I think I am able to calculate this if you only received two more cards (10/42)*(9/41) = 5.2%, but I don't know how to do this for 7 card. I would greatly appreciate any help you could give me. Does anyone know of a good source that lists some of the common probability formulas? Thanks again.

"Did you get that memo about the TPS Reports?"

Robk
07-20-2003, 01:04 AM
One way of doing it is using the following formula for drawing without replacement.
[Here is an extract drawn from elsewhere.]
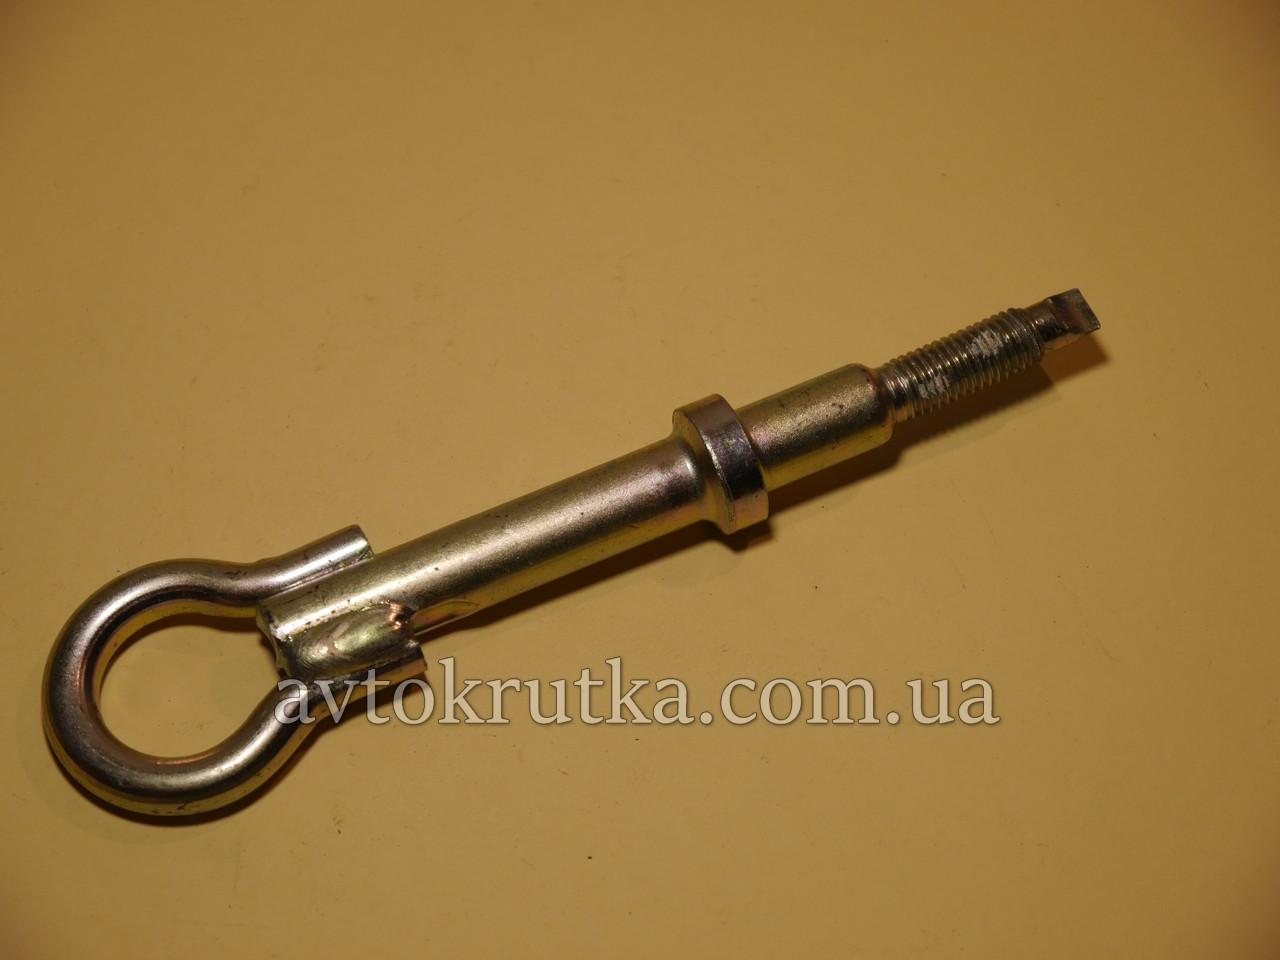 Буксировочный крюк Peugeot Expert (Пежо Эксперт) 1440036880

Say you have G "good" and B "bad" marbles in a jar making N total marbles (ie G + B = N), and you draw out n of them ( you don't put one back after drawing it). The probability of having g "good" and b "bad" ones (ie g + b = n) is given by P = ((G c g)*(B c b))/(N c n). (where x c y = x!/(y!*(x-y)!). Now we can apply this to the card situation. For example when there are no other spades out we can find the probability of making the flush by finding the probability of missing and subtracting this from one. You miss if you draw either 4 or 3 "bad" cards, ie non spades. So N = 42 (the number of unseen cards), n = 4 (the number you will get), G = 10 (number of spades left), B = 32 (the number of nonspades). Now when b = 4, g = 0, we have P = (10 c 0)*(32 c 4)/(42 c 4) = .3213. And when b = 3, g = 1, P = (10 c 1)*(32 c 3)/(42 c 4) = .4431. Now if you get any more than one "good" card you will have a flush. So the chances of missing are .3213 + .4431 = .7644, ie you'll make your flush with P = 1 - .7644 = .2356. You can find the other probabilities in the same way. There might be a neater way of doing it but this is all I could think of right now.

TPS_Reports
07-20-2003, 07:51 PM
Rob,

Thanks for taking the time, it was very helpful. I thought your method was plenty "neat" and makes intutive sense. Great job, I appreciate it.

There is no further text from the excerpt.